The inflated number of graduate students should have induced increase in volume of scientific research and publications. Moreover, I suspect that many of those who stayed in school to avoid the draft (me, for instance) discovered that they liked science and settled into scientific careers.
Card, D., & Lemieux, T. (2001). Going to college to avoid the draft: The unintended legacy of the Vietnam War. Am Econ Rev, 91, 97-102. https://doi.org/10.1257/aer.91.2.97.
Fear of the draft kept me from taking a gap year when I graduated from Berkeley in January 1966. My father was working for an oil company in Tunisia, and his company offered to pay my travel expenses to Tunisia. From there, I could easily get to Europe and spend eight months traveling before starting medical school in the autumn. Faced with the draft, I skipped the trip to Europe and took a job working in the herp lab of the Museum of Vertebrate Zoology, UC Berkeley. Amazingly, this earned me an occupational deferment from the draft until I started graduate school in September 1967.
So what does this have to do with my acknowledgment to “L. Hershey”? Well, L. Hershey was General Lewis B. Hershey, Director of the Selective Service System, which ran the draft. I judged that General Hershey deserved an acknowledgment. After all, my fear of the draft had kept me working or studying and thus had inadvertently encouraged my research career. The Selective Service System never noticed my acknowledgment to General Hershey.
57.2 Personal example no. 2
When Eric Pianka invited me to head the fieldwork in the Kalahari, he wanted to spell out authorship on papers that would eventually emerge from our project. Eric knew that authorship credit can be contentious (to put it euphemistically), and so he had the wisdom to set out guidelines on the authorship of future Kalahari papers even before I left for Africa. Eric said that he would be sole author of the first paper, which would describe patterns of species density. This seemed fair – after all, the species density of desert lizards was Eric’s primary research interest, and he wrote the NSF proposal that funded the project. He added that we could co-author other papers as long as I contributed to the analysis and writing.

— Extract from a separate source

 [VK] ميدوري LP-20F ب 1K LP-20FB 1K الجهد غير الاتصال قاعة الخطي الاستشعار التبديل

At the end of our discussion, I did have the presence of mind to say:
“OK, Eric, but I want to write your Acknowledgment to me in your species density paper.”
Eric agreed. Here is what I wrote and what appears in his paper Pianka 1971:
“I am deeply indebted to Raymond B. Huey, who somehow survived for a full year not only extremes of temperature and beer, but also the lack of opportunity to demonstrate his fitness.”

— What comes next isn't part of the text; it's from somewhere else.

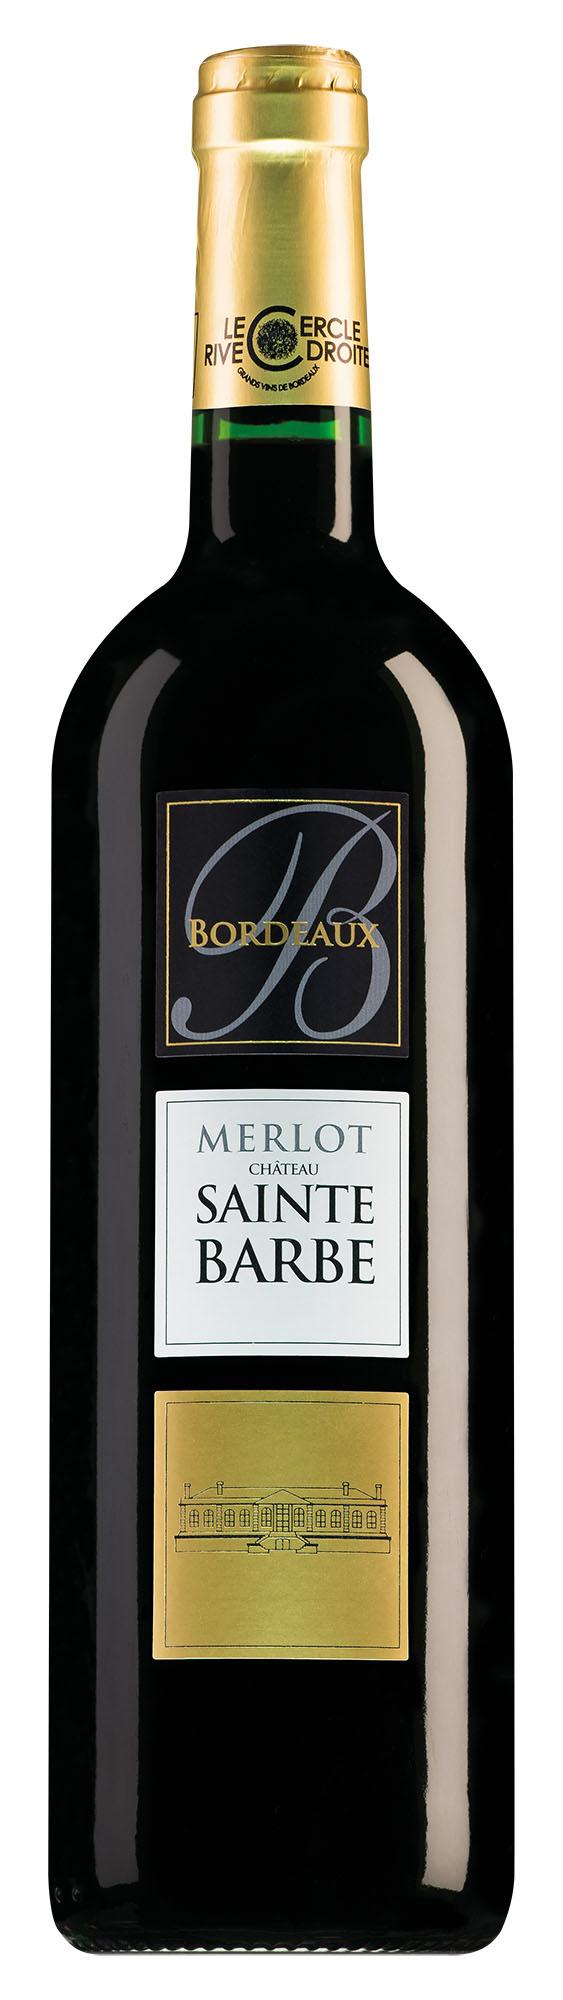 Château Sainte Barbe Bordeaux Merlot

57.3 One last example – not mine!
One of my favorite Acknowledgments was written by the late Leigh van Valen, a brilliant – if eccentric – evolutionary biologist at the University of Chicago. Lee grew tired of submitting papers to journals and having them rejected or at least criticized, so he founded his own journal, Evolutionary Theory, which he printed on paper stock with the following tagline:
“Dedicated to the primacy of content over display.”
The first paper in volume 1 (Van Valen 1973) contains the following acknowledgment:
“I thank the National Science Foundation for regularly rejecting my (honest) grant applications for work on real organisms…, thus forcing me into theoretical work.”

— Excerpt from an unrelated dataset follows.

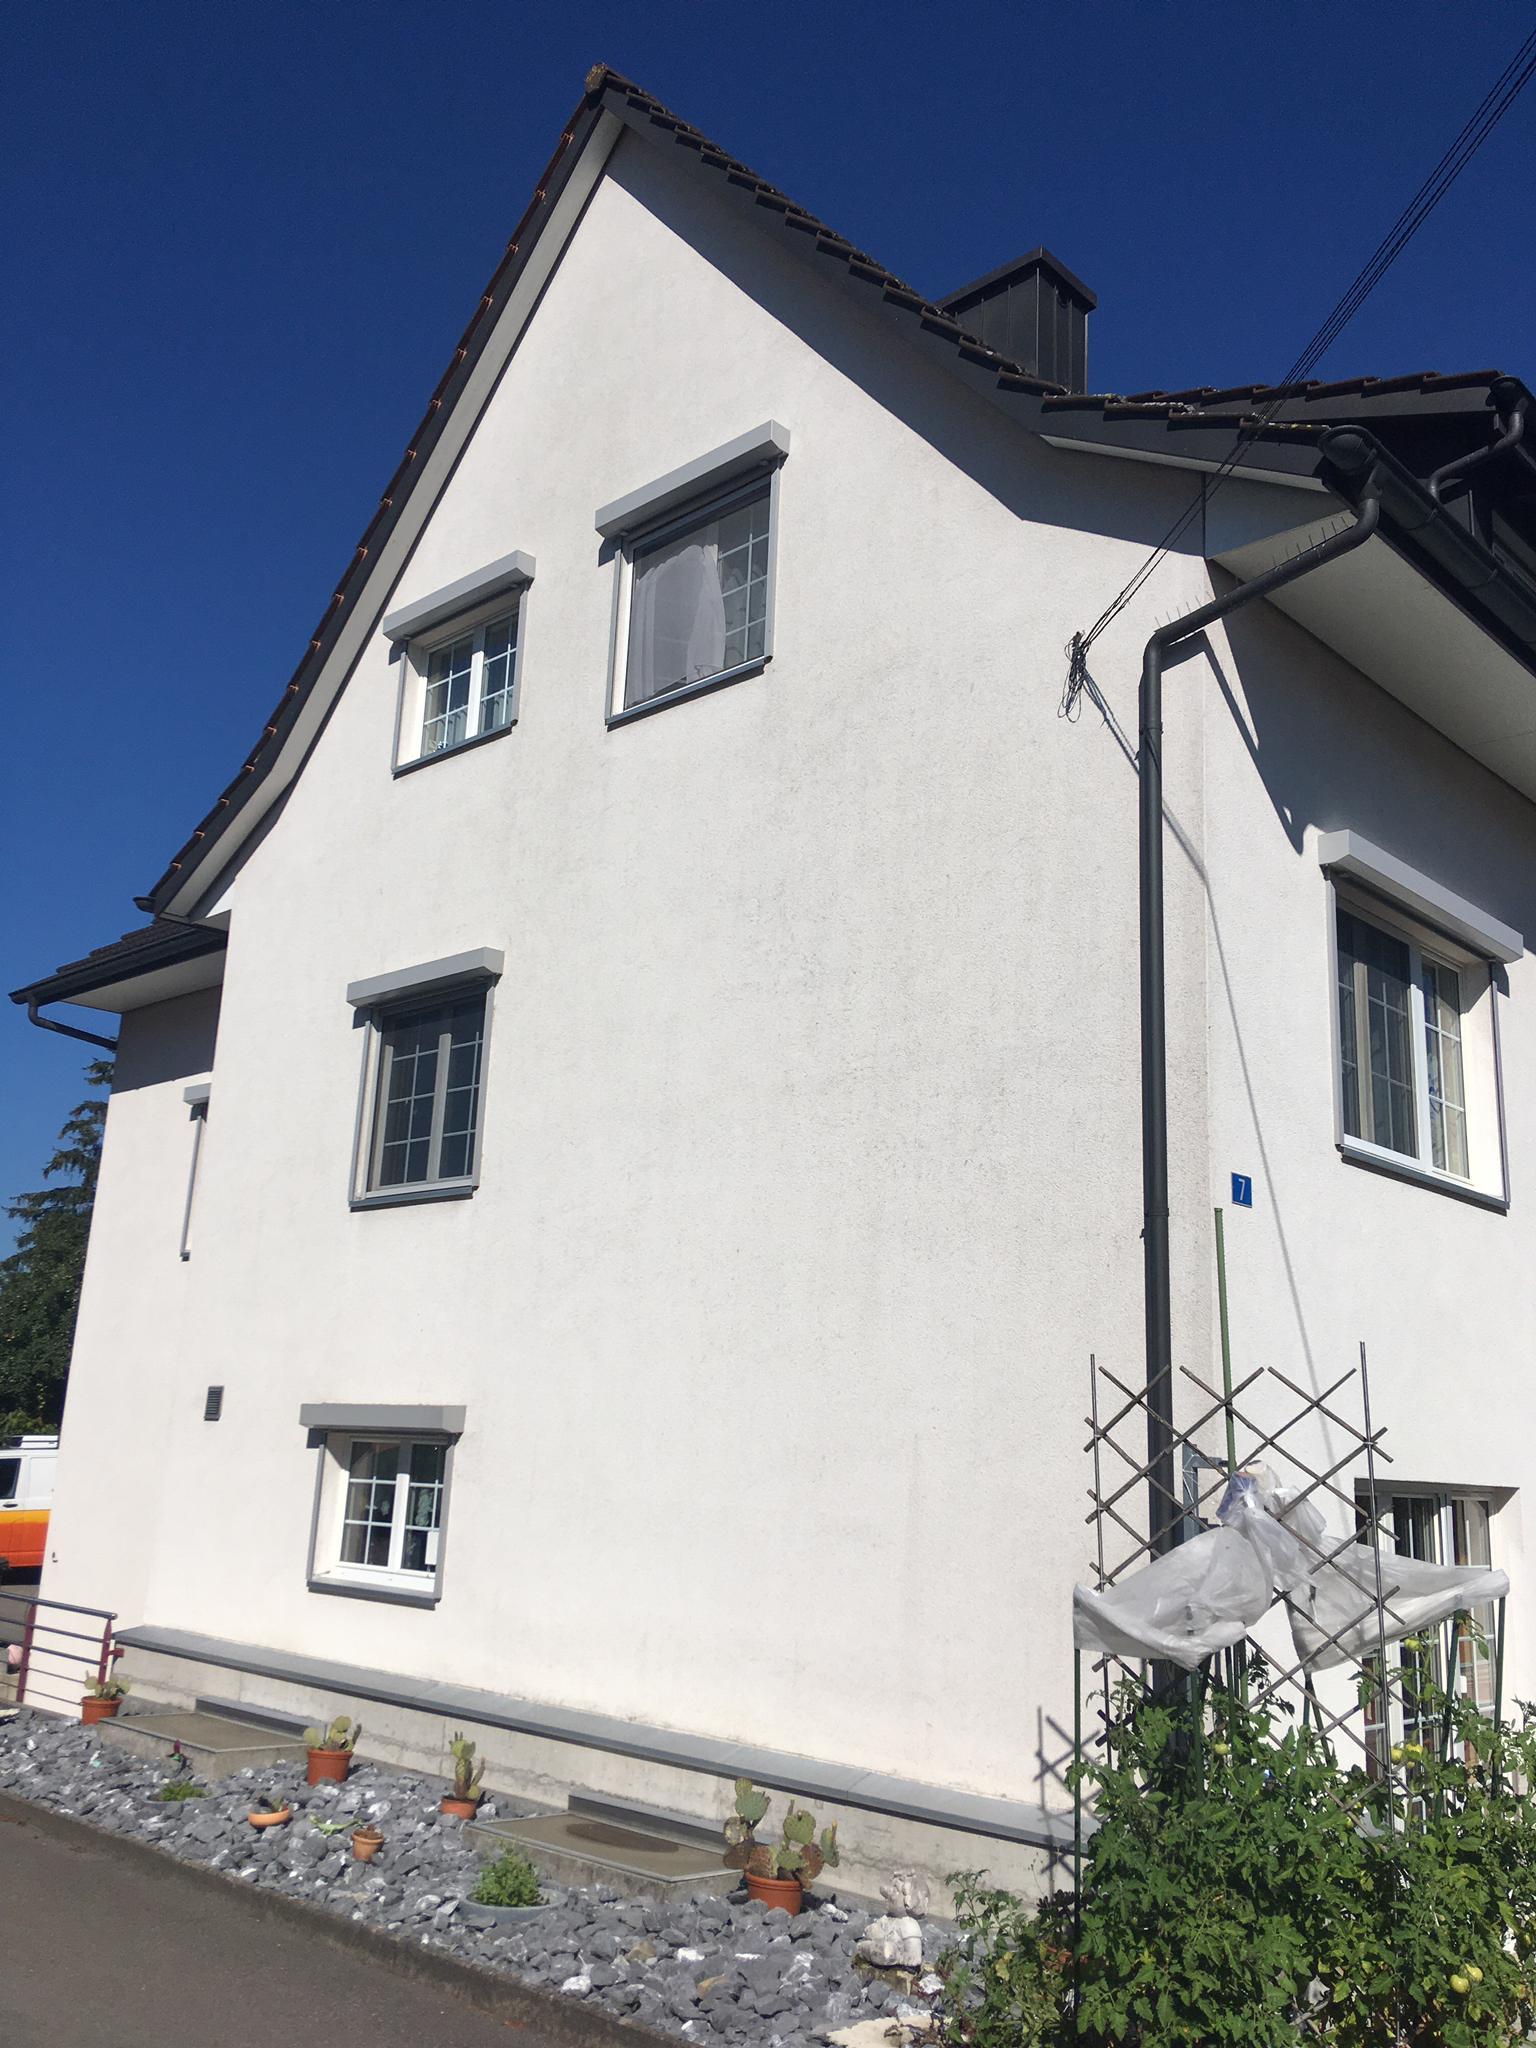 https://www.koster-gs.ch/wp-content/uploads/2021/02/Hengartner-Fassade-1-nachher.jpg

57.4 So why bother reading Acknowledgments?
Students and non-scientists often think of science as objective and rather cut and dried. Science is, however, a human endeavor. It is done by people with diverse skills, weaknesses, biases, emotions, and personalities. What someone writes in an Acknowledgments section can provide hints about that scientist’s personality and sometimes adds a human perspective to the scientific paper and project.
When I taught a graduate course on scientific writing, I always discussed acknowledgments sections. But I cautioned the students to be careful what they write in these sections! Some people will be watching.